## What is expected
The expected answer is the data below, printed verbatim without its pictures.

---- Supplied information

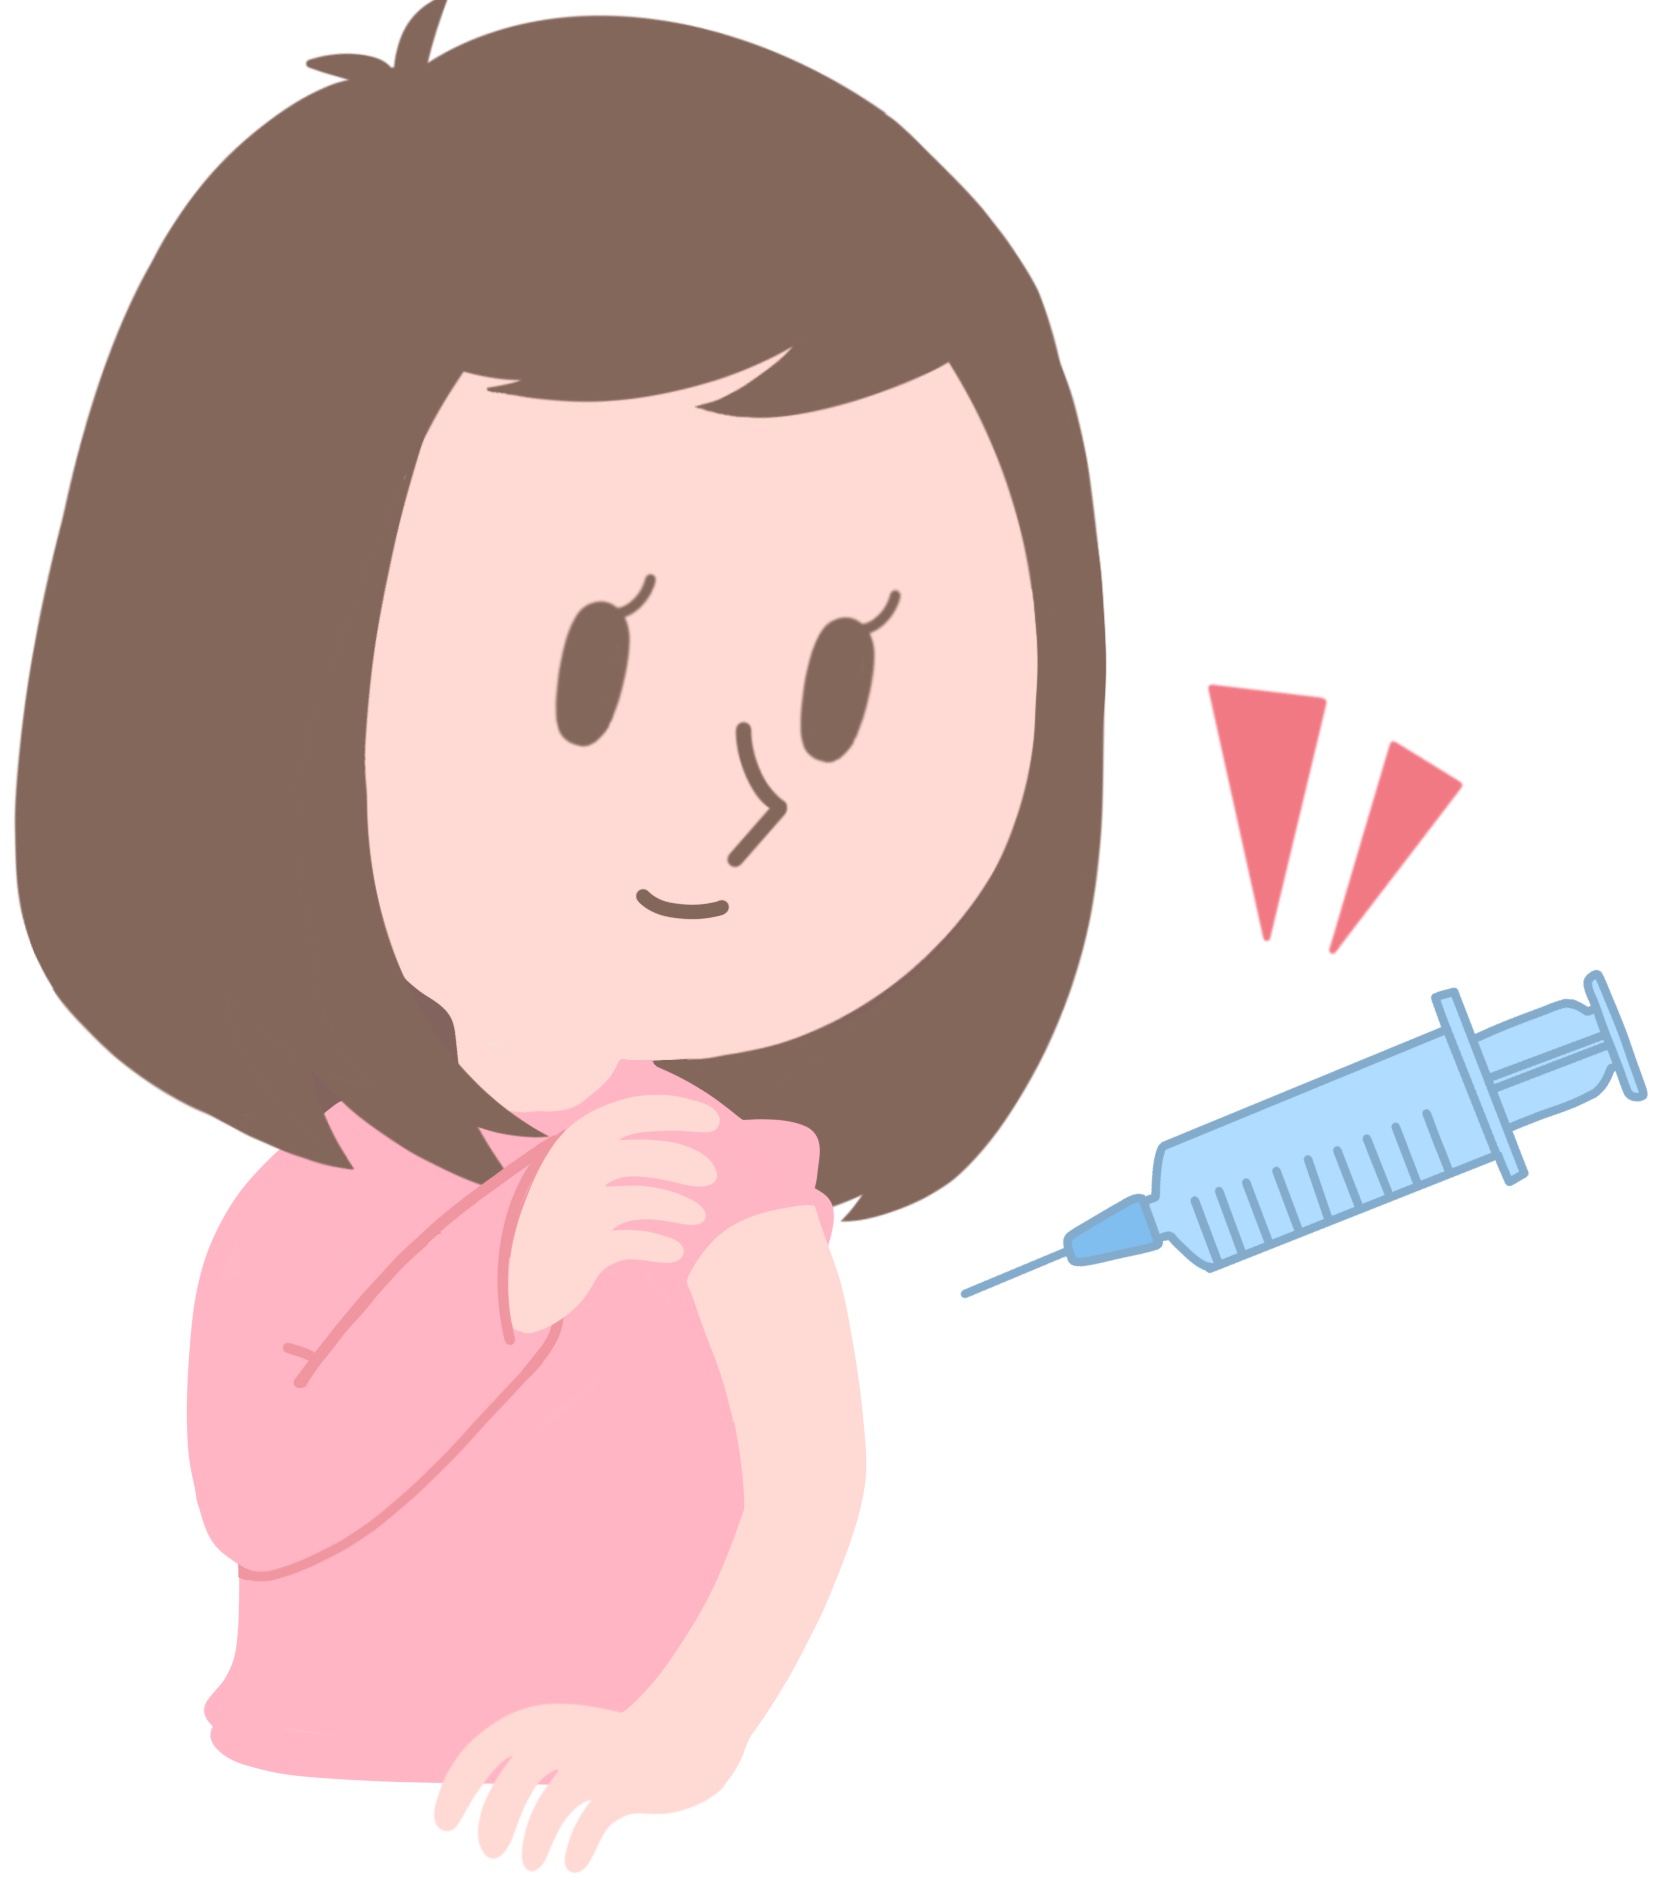 HPVワクチン接種について
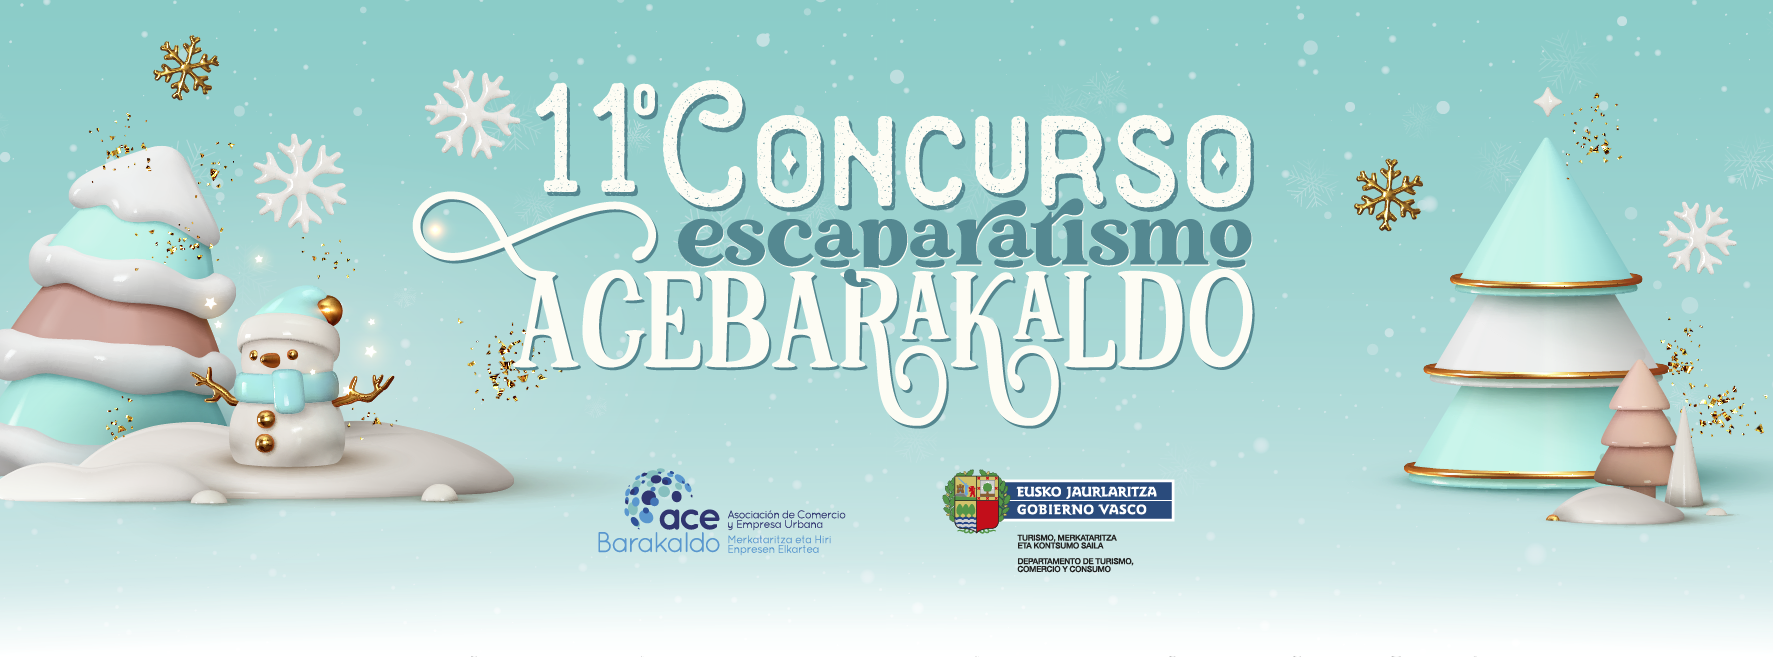 DG_ACEBRK_202311_ConcursoEscaparates_PortadaFB
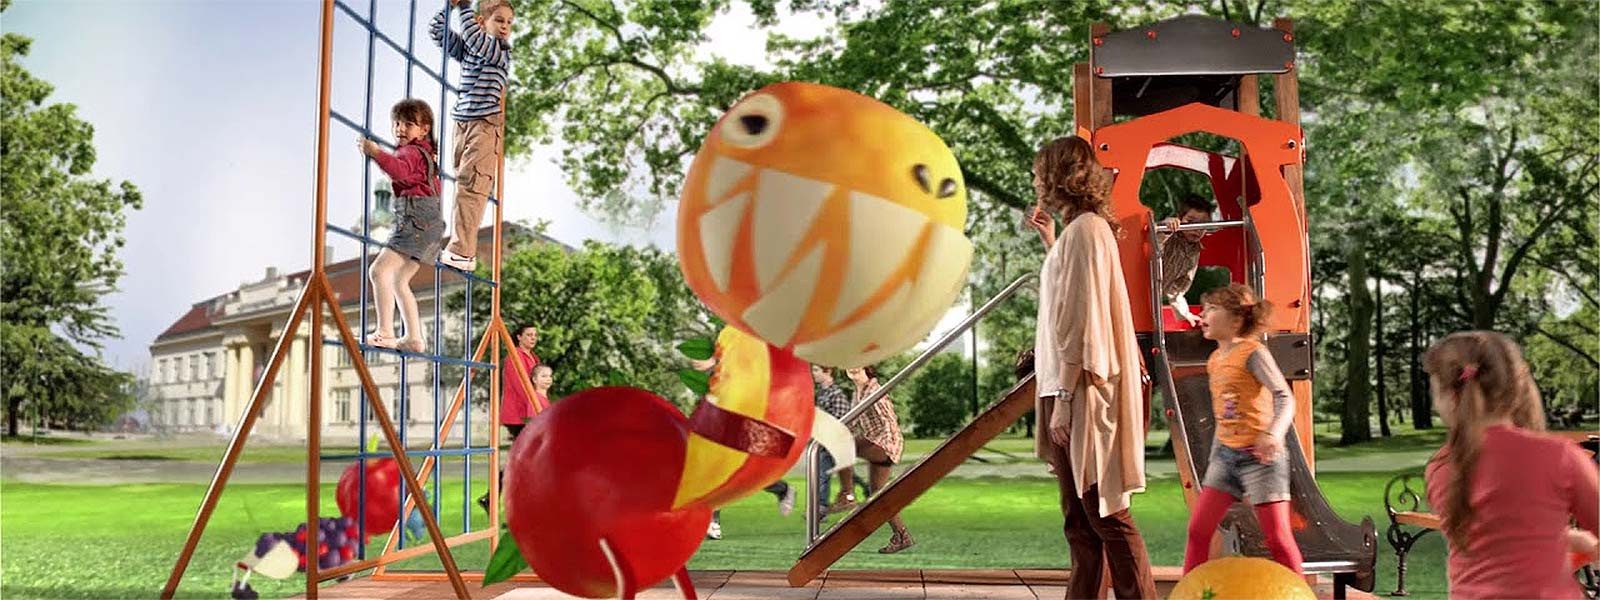 Deca se igraju u parku sa velikim jabuka i narandza igrackama
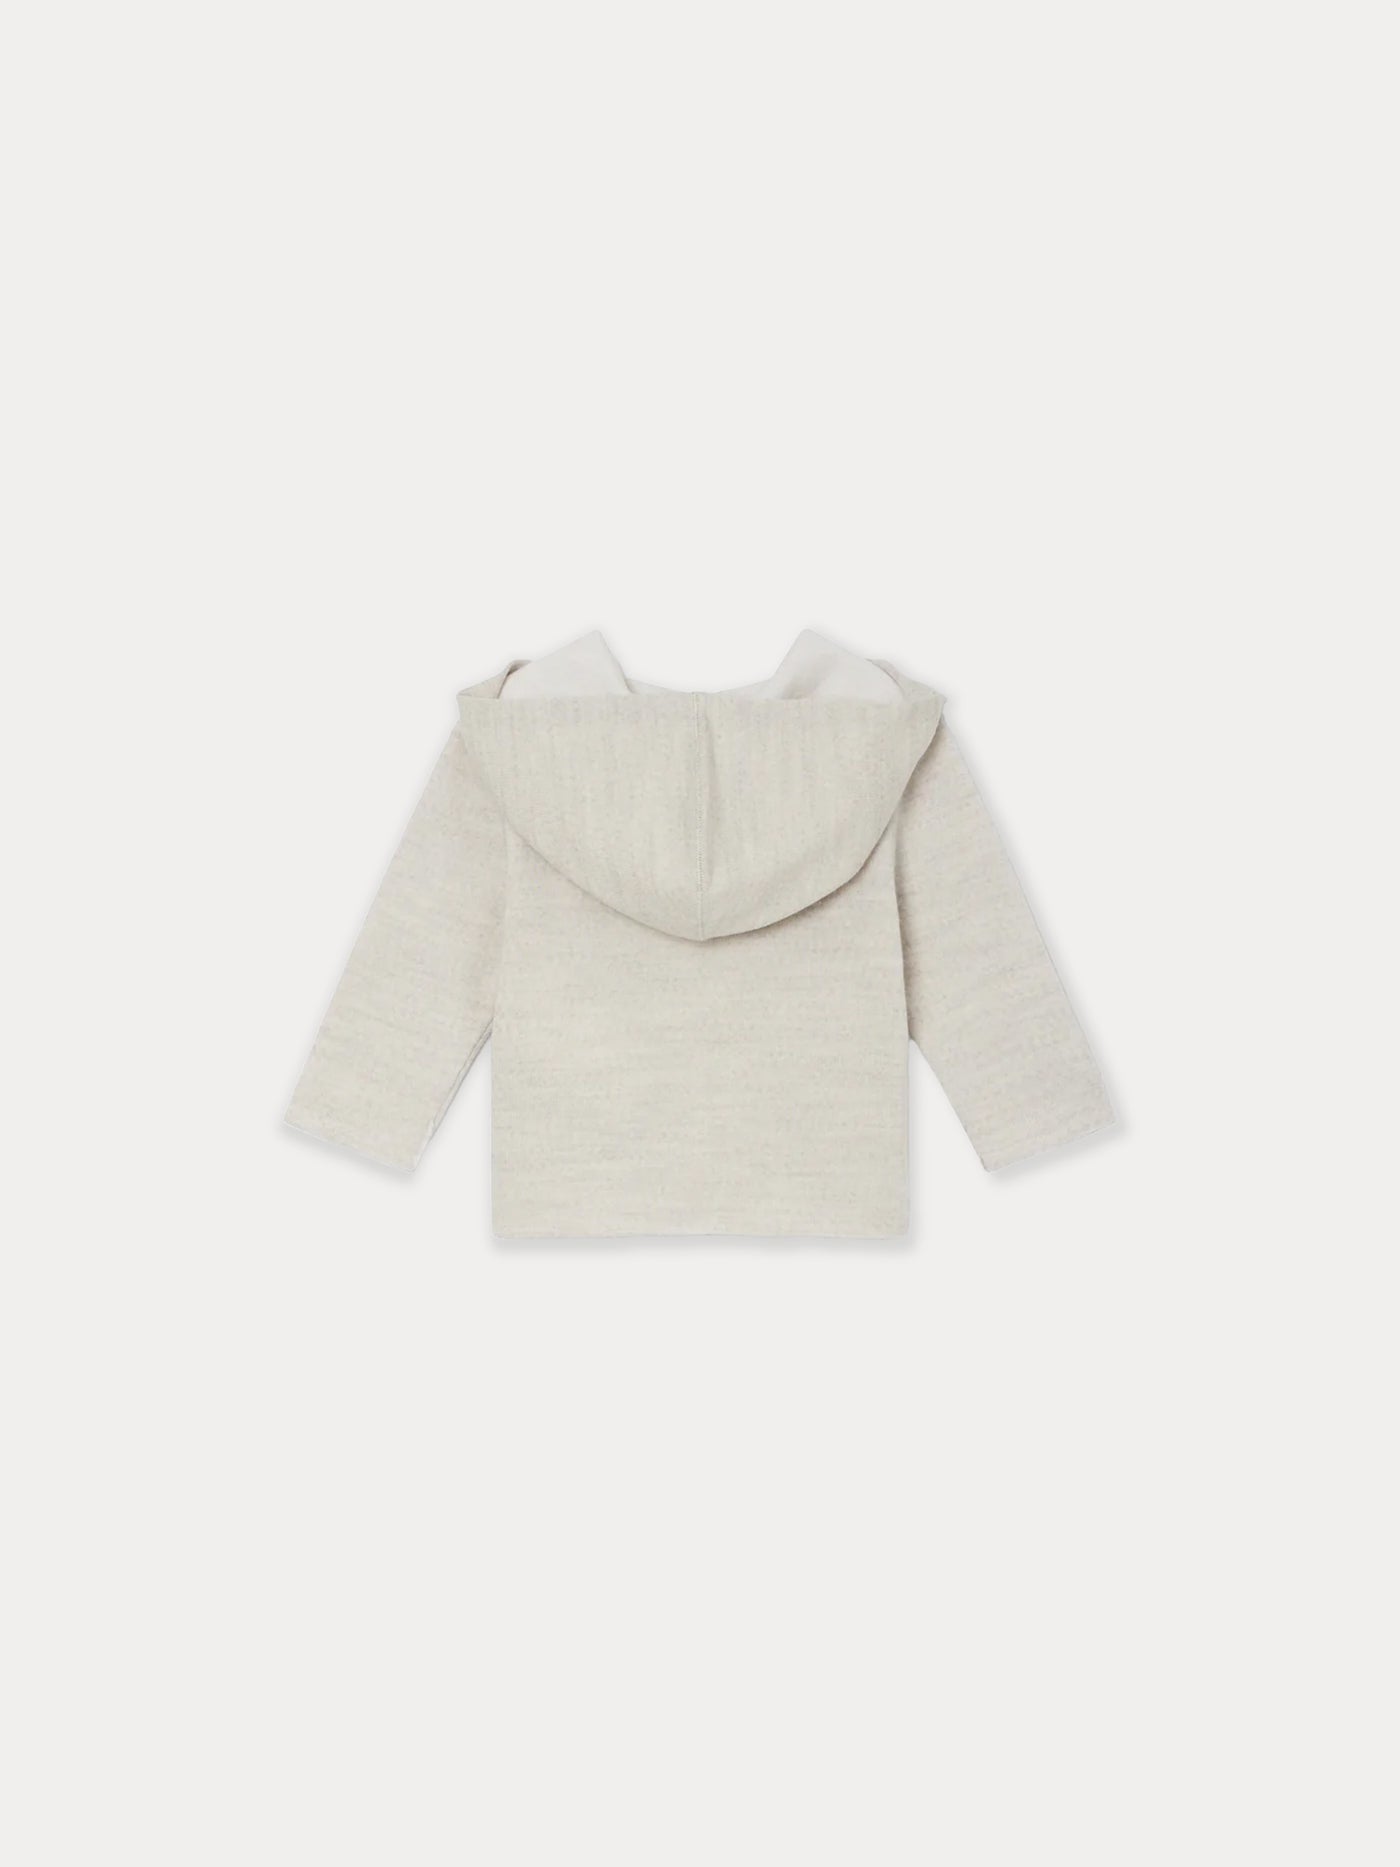 Merino Sweatshirt for Baby heathered gray

--------

## Expected output
 HPVワクチン接種について
 DG_ACEBRK_202311_ConcursoEscaparates_PortadaFB
 Deca se igraju u parku sa velikim jabuka i narandza igrackama
 Merino Sweatshirt for Baby heathered gray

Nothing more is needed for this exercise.